Политическая и экономическая обстановка в Польше в ноябре 1981 года продолжала усложняться. Кроме официальных протестов советских властей по поводу разного рода демонстративных акций «Солидарности» Ярузельскому направлялись и неофициальные, но весьма жесткие послания с упреками в попустительстве «антисоветизму» и едва ли не в «предательстве дела социализма». Откровенности, однако, не было ни с той, ни с другой стороны. Просьба Ярузельского о направлении в Польшу одного из членов Политбюро ЦК КПСС была отклонена. На вопрос Ярузельского, может ли Польша рассчитывать на помощь Советского Союза по военной линии, если положение в стране станет критическим, Брежнев не дал ясного ответа. Продовольственные магазины в Польше были пусты, в изобилии имелся здесь только уксус. Продукты выдавались по карточкам, но не в полном наборе. Развязка приближалась. 10 декабря в Москве состоялось еще одно заседание Политбюро, обсудившее польские проблемы. Выступая на этом заседании, Ю. Андропов говорил: «Я хотел бы сказать, что наша позиция, как она была сформулирована на прошлом заседании Политбюро и ранее ее неоднократно высказывал Леонид Ильич, является совершенно правильной и отступать от нее мы не должны. Иначе говоря, мы занимаем позицию интернациональной помощи, мы озабочены сложившейся в Польше обстановкой, но что касается проведения операции "X", то это целиком и полностью должно быть решением польских товарищей, как они решат, так тому и быть. Мы не будем настаивать на этом и отговаривать не будем… Если товарищ Куликов действительно сказал о вводе войск, то я считаю, он сделал это неправильно. Мы не можем рисковать. Мы не намерены вводить войска в Польшу. Это правильная позиция, и нам нужно ее соблюдать до конца. Я не знаю, как будет обстоять дело с Польшей, но если даже Польша будет под властью "Солидарности", то это будет одно. А если на Советский Союз обрушатся капиталистические страны, а у них уже есть соответствующая договоренность с различного рода экономическими и политическими санкциями, то для нас это будет очень тяжело. Мы должны проявлять заботу о нашей стране, об укреплении Советского Союза. Это наша главная линия… Мы можем сказать полякам, что относимся к польским событиям с пониманием. Это чеканная формулировка, и менять нам ее нет никаких оснований.

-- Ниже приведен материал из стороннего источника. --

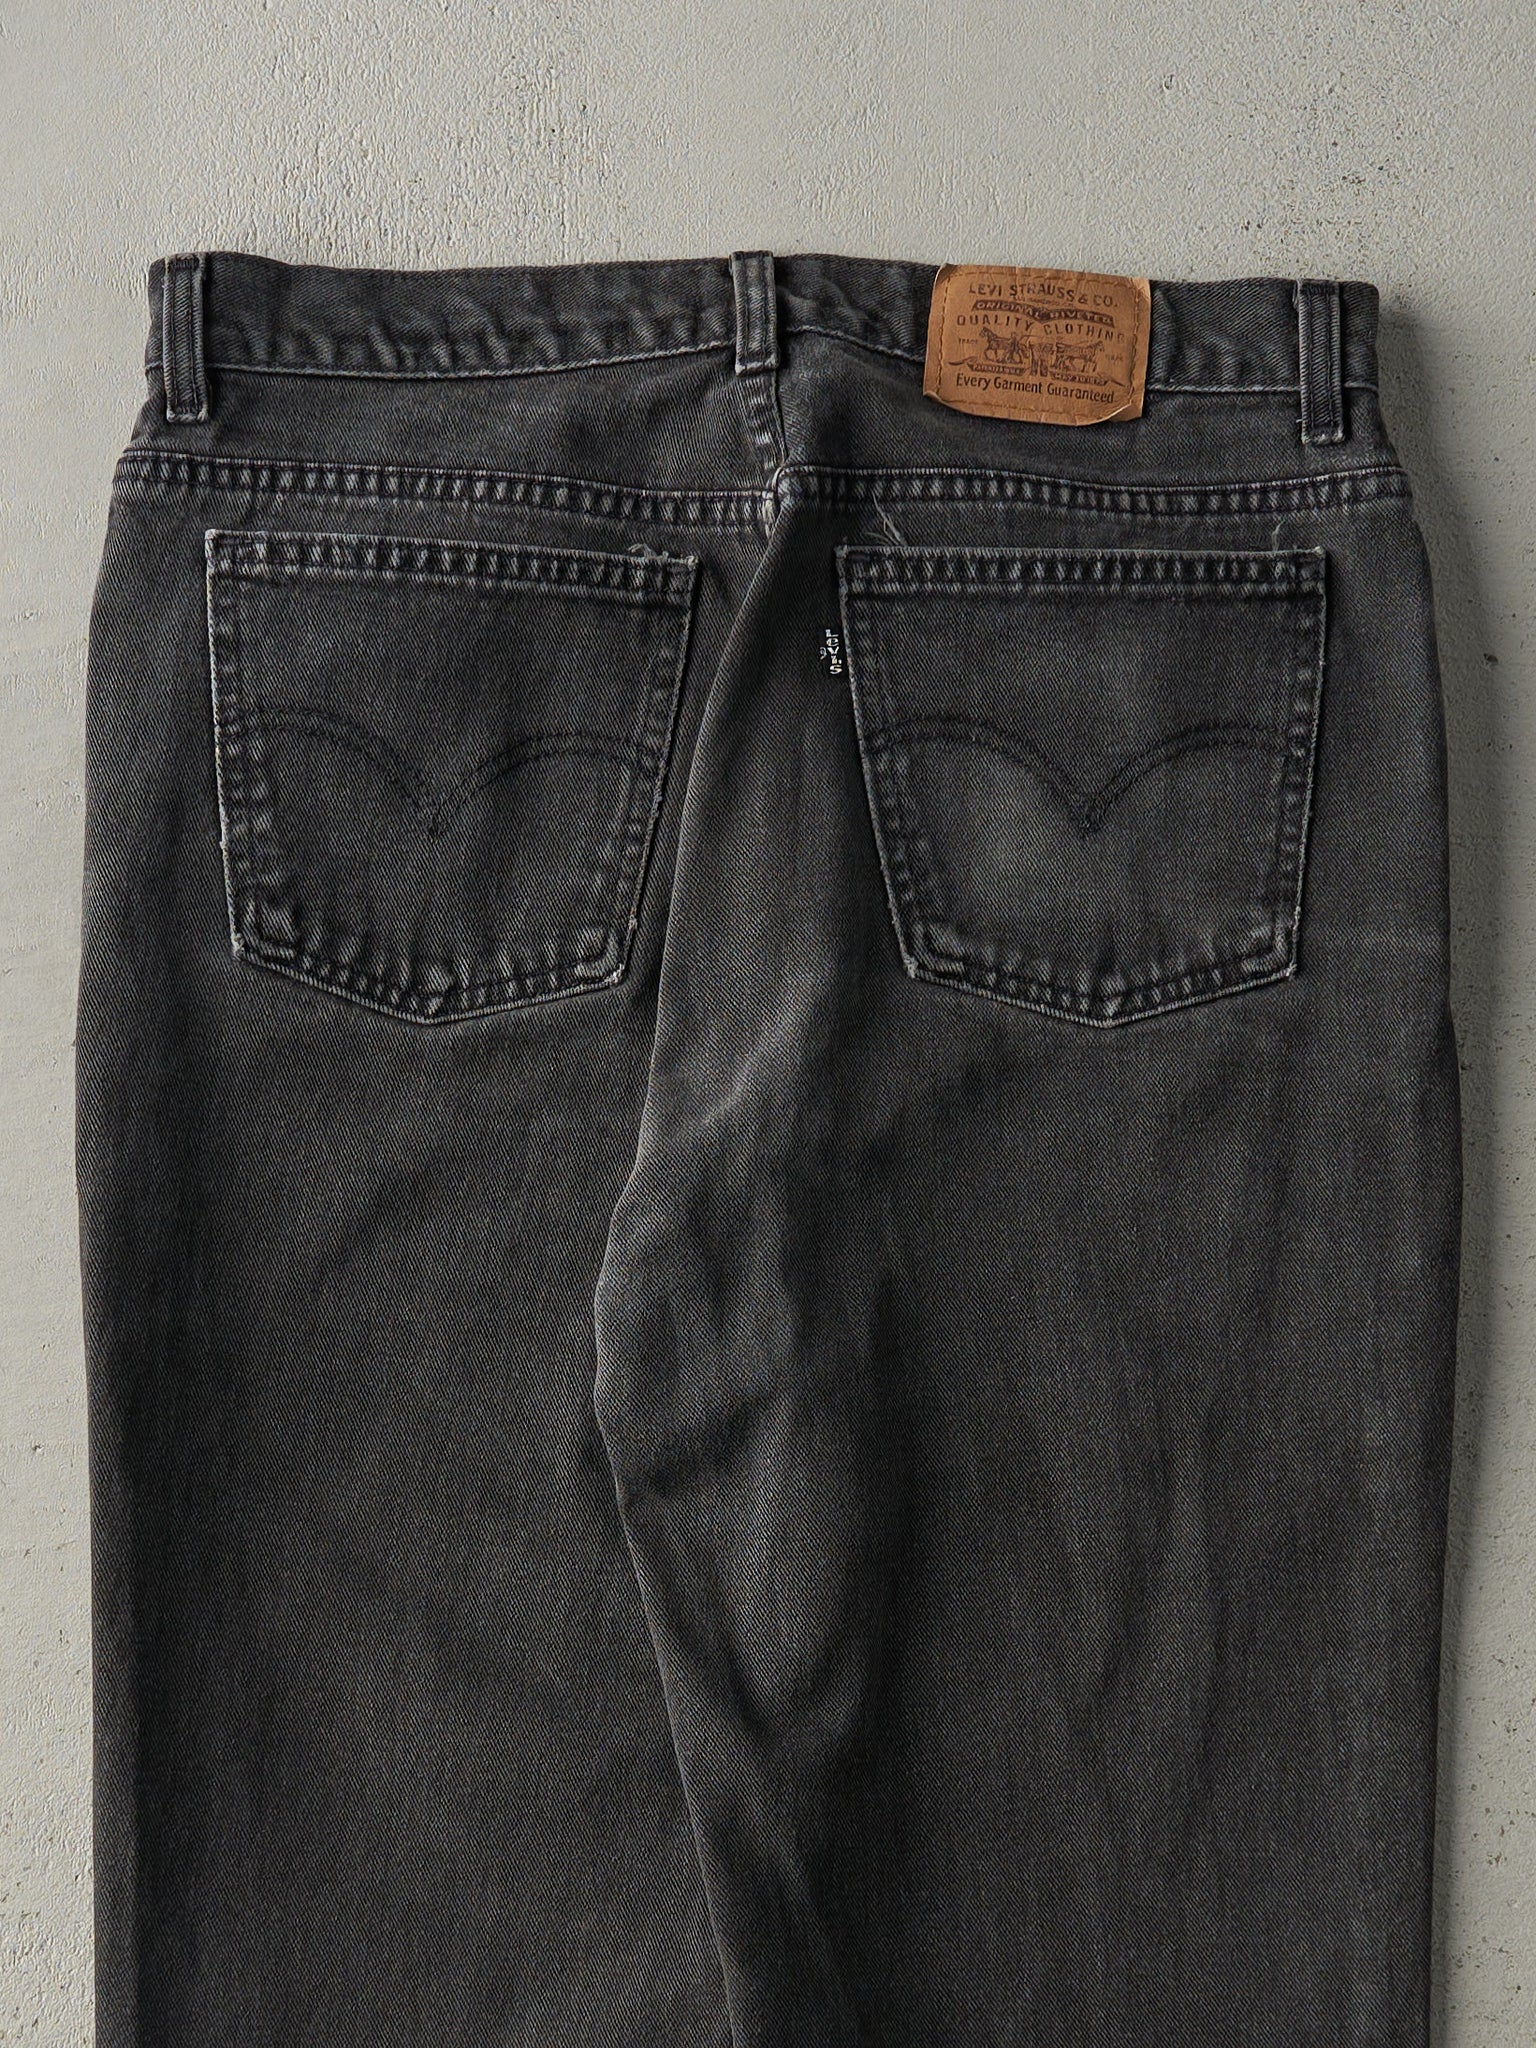 Vintage 90s Black Levi's Denim Pants (32x29)

В то же время мы должны будем как-то погасить настроение Ярузельского и других руководителей Польши относительно ввода войск. Никакого ввода войск в Польшу быть не может. Я думаю, что об этом мы можем дать поручение нашему послу посетить Ярузельского и сообщить ему об этом» [225] .
После бессонной ночи с 11 на 12 декабря 1981 года и встречи с начальником генерального штаба Войска Польского генералом Флорианом Савицким и министром внутренних дел ПНР Ч. Кищаком Ярузельский принял решение о введении в стране военного положения. Выступление Ярузельского по этому поводу состоялось в ночь на 13 декабря.
225
Новая и новейшая история. 1994. № 1. С. 100–101.